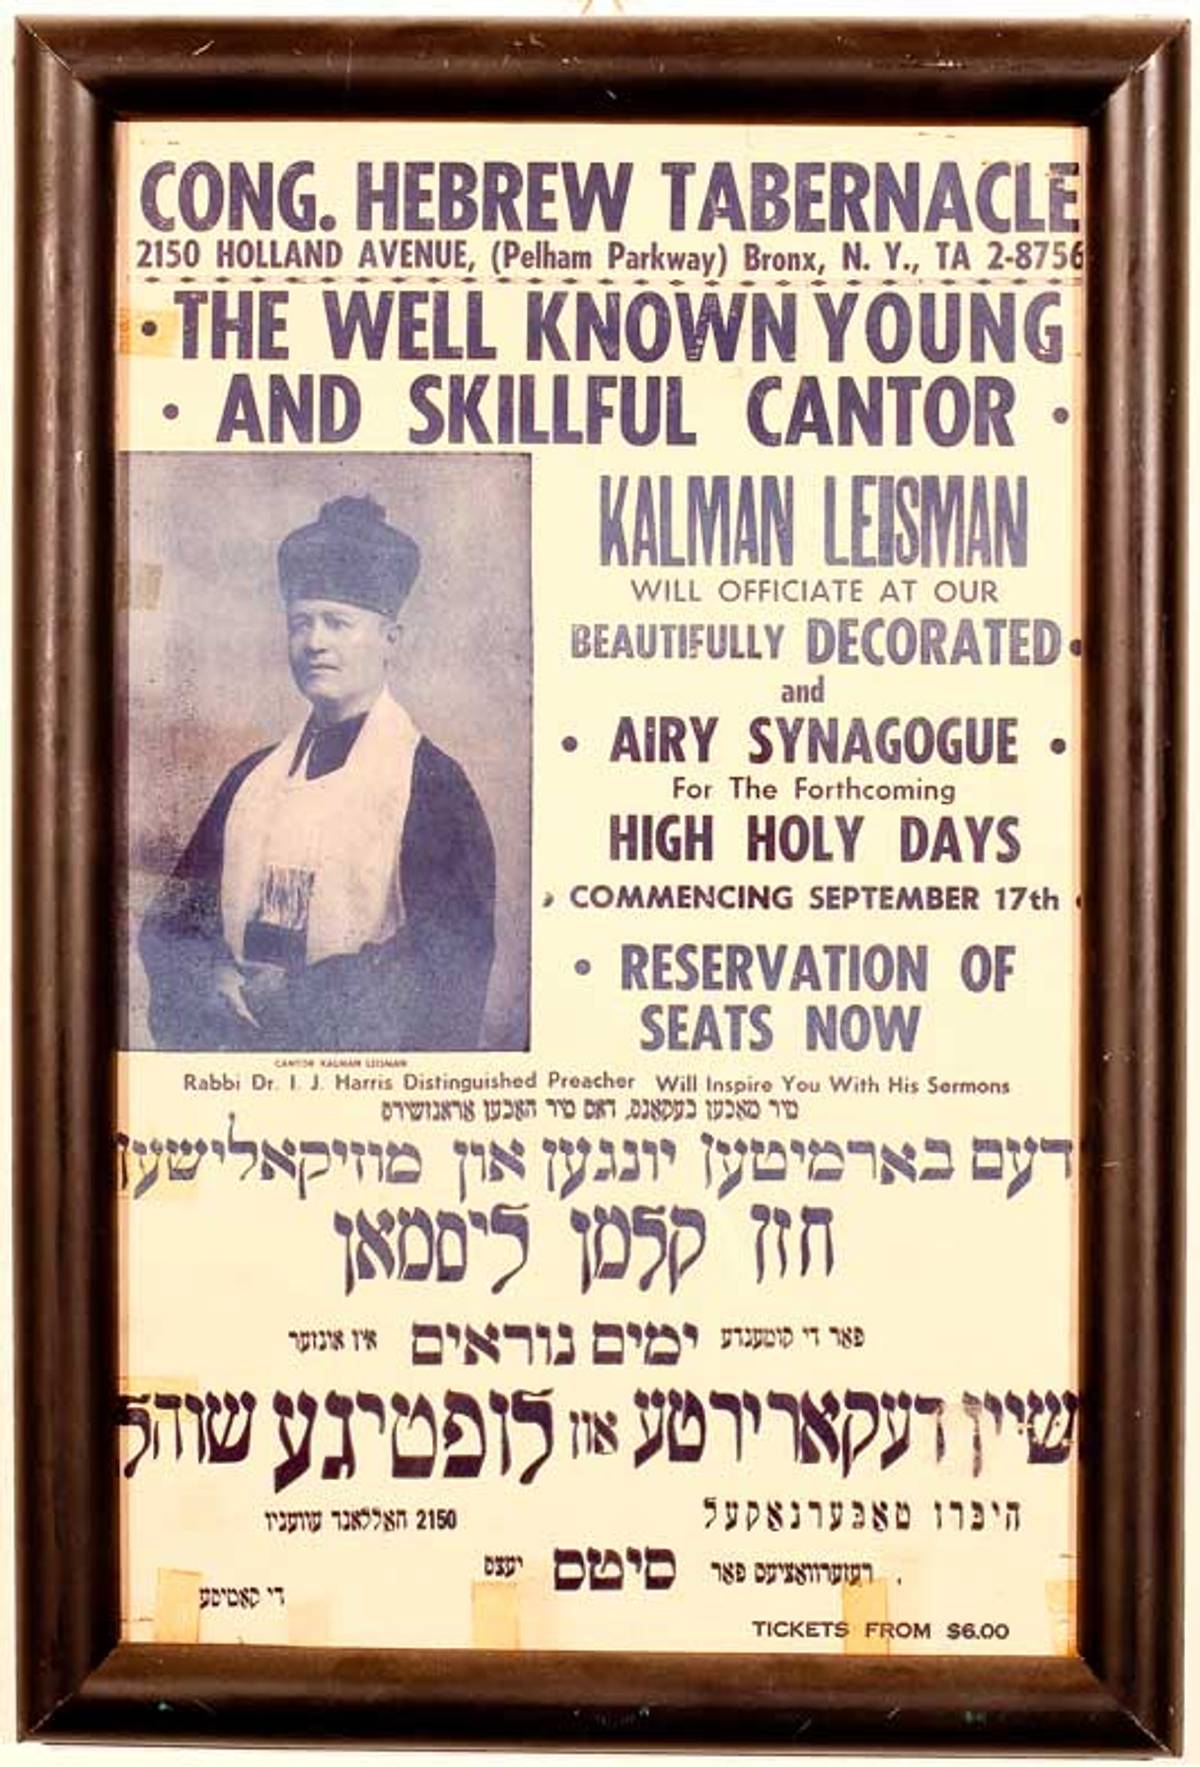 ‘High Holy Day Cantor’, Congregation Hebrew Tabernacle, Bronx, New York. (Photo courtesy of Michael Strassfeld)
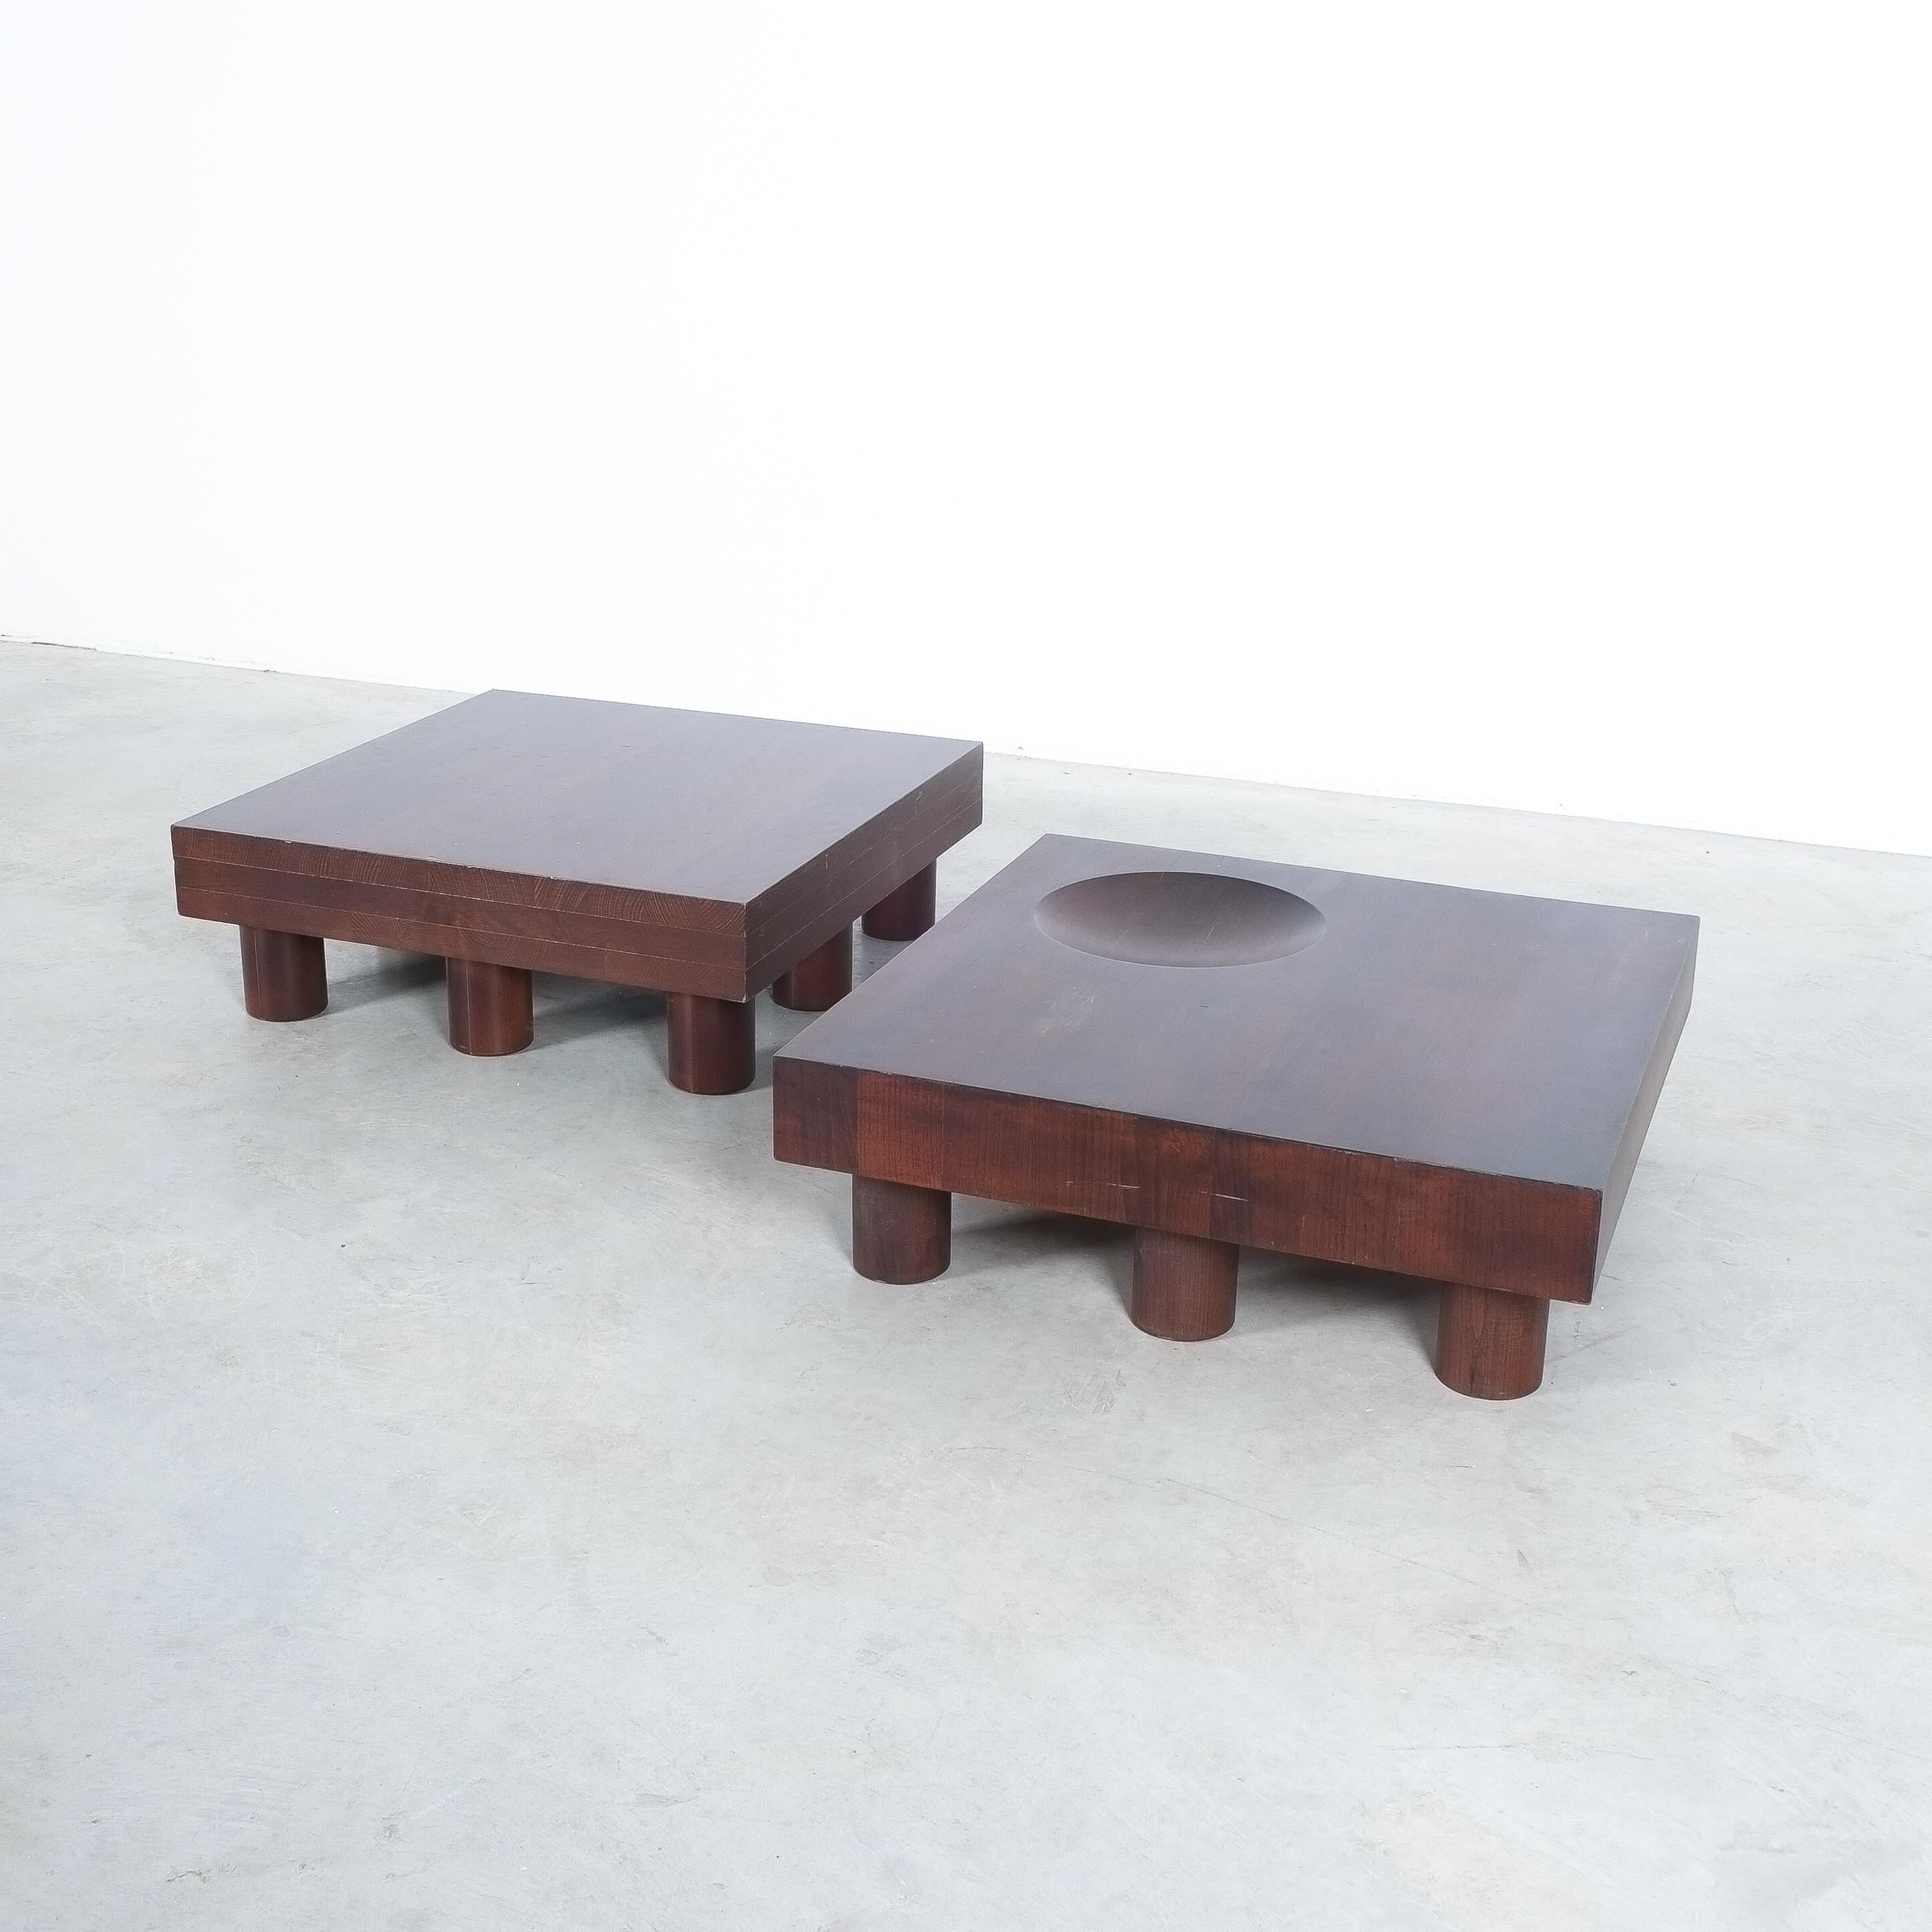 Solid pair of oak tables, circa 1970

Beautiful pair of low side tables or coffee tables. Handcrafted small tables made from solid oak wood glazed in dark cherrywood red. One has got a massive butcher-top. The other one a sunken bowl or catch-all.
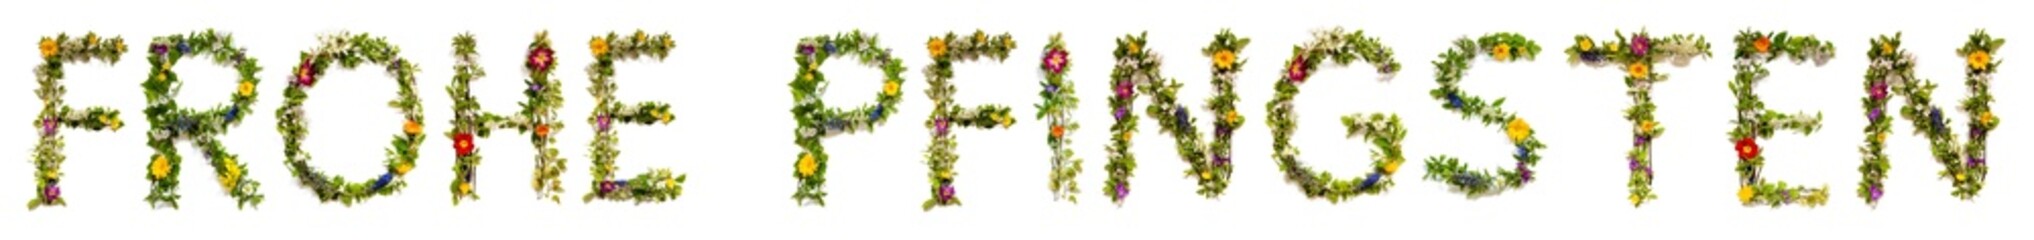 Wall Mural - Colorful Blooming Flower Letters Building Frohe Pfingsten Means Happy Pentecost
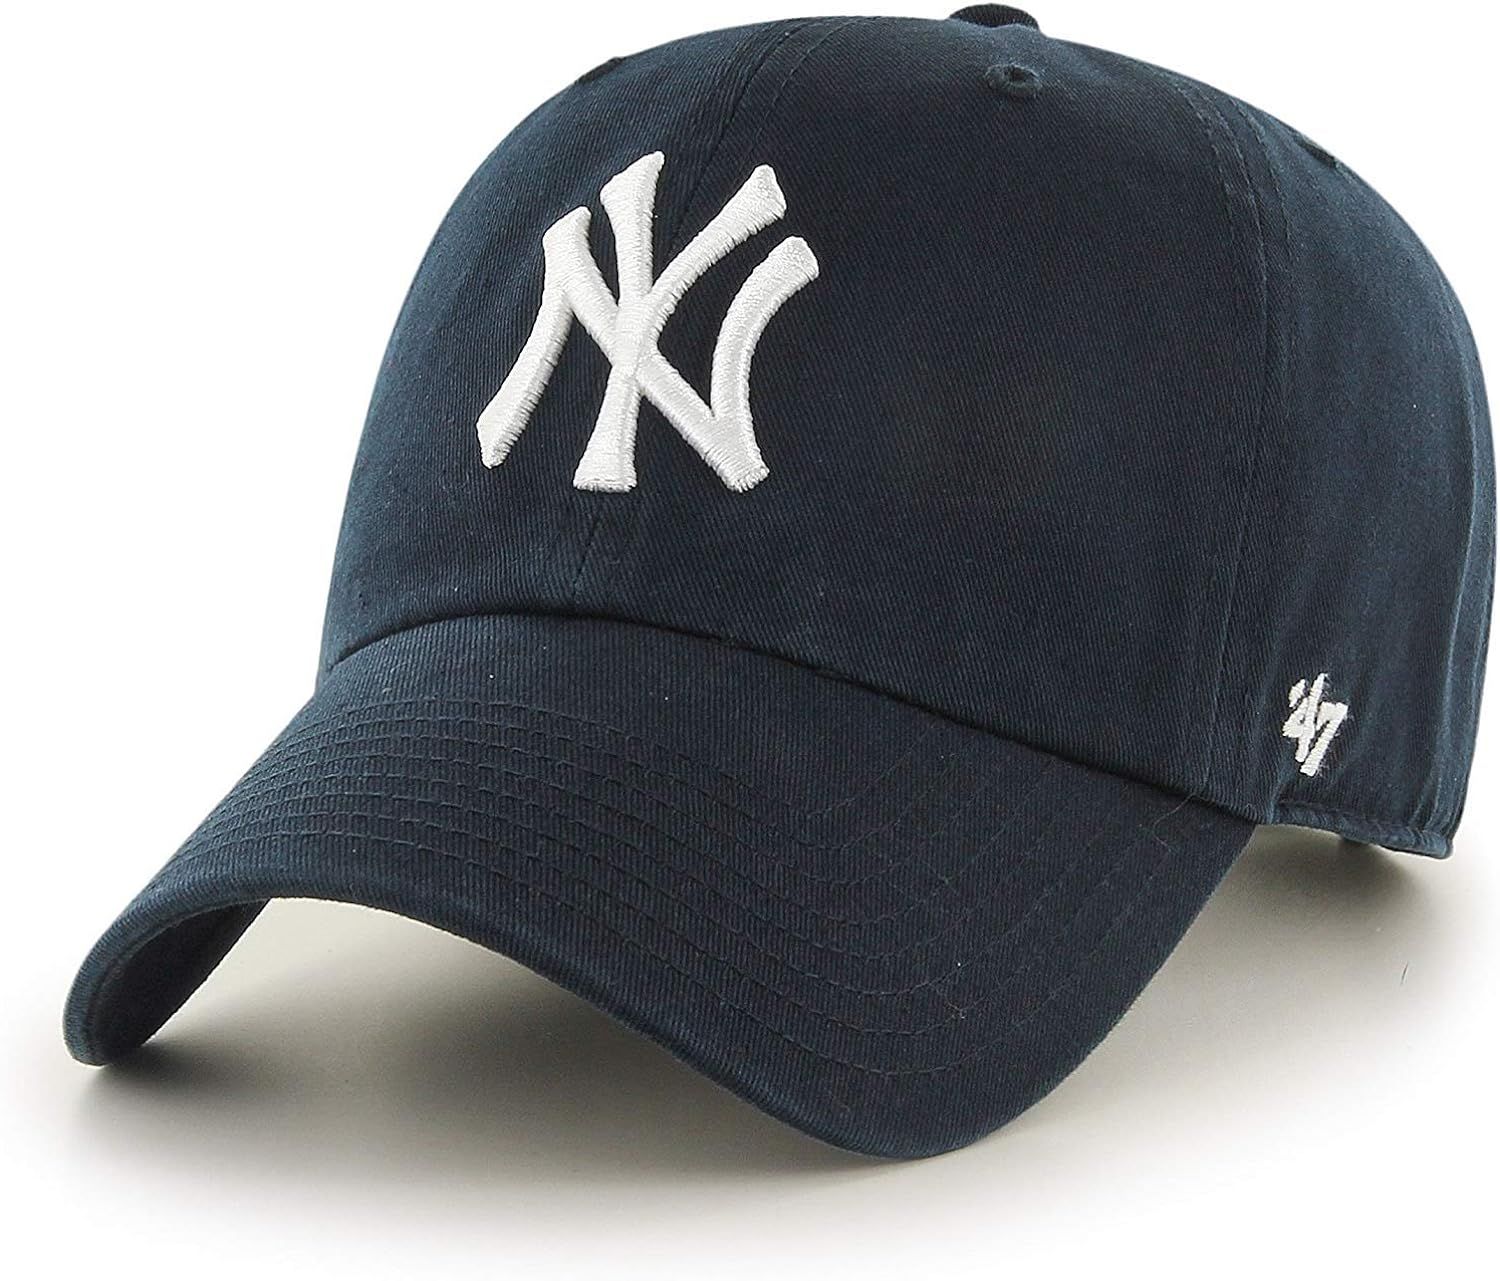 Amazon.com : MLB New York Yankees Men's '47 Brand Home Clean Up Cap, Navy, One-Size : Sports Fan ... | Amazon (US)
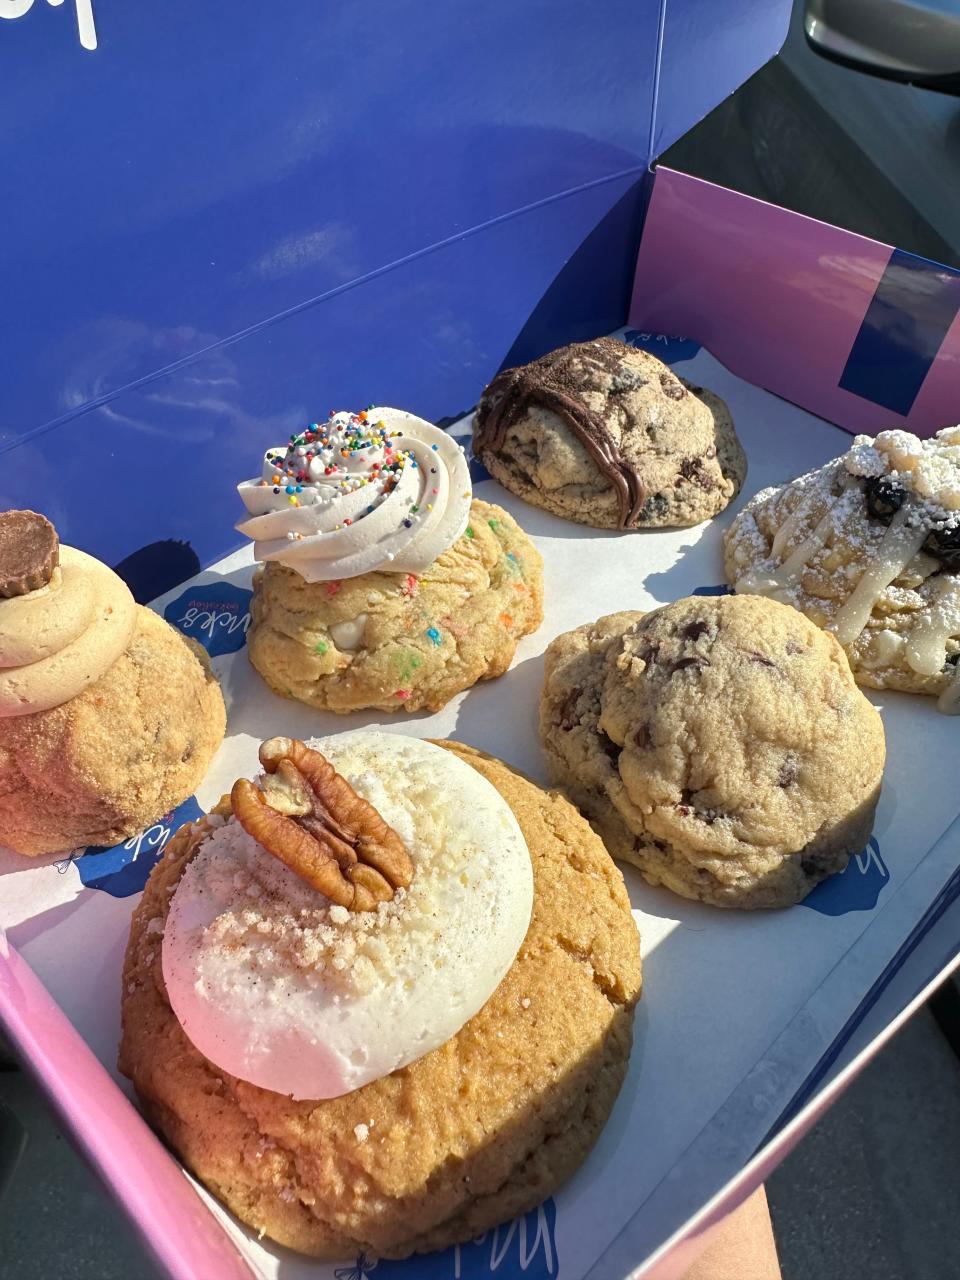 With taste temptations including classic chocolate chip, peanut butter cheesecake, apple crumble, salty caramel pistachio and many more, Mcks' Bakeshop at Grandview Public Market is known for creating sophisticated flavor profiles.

********************

Your goal: Images are to be excluded, and each record above written out word for word.

Solution to this exercise:
 ‘High Holy Day Cantor’, Congregation Hebrew Tabernacle, Bronx, New York. (Photo courtesy of Michael Strassfeld)
 Solid pair of oak tables, circa 1970

Beautiful pair of low side tables or coffee tables. Handcrafted small tables made from solid oak wood glazed in dark cherrywood red. One has got a massive butcher-top. The other one a sunken bowl or catch-all.
 Wall Mural - Colorful Blooming Flower Letters Building Frohe Pfingsten Means Happy Pentecost
 Amazon.com : MLB New York Yankees Men's '47 Brand Home Clean Up Cap, Navy, One-Size : Sports Fan ... | Amazon (US)
 With taste temptations including classic chocolate chip, peanut butter cheesecake, apple crumble, salty caramel pistachio and many more, Mcks' Bakeshop at Grandview Public Market is known for creating sophisticated flavor profiles.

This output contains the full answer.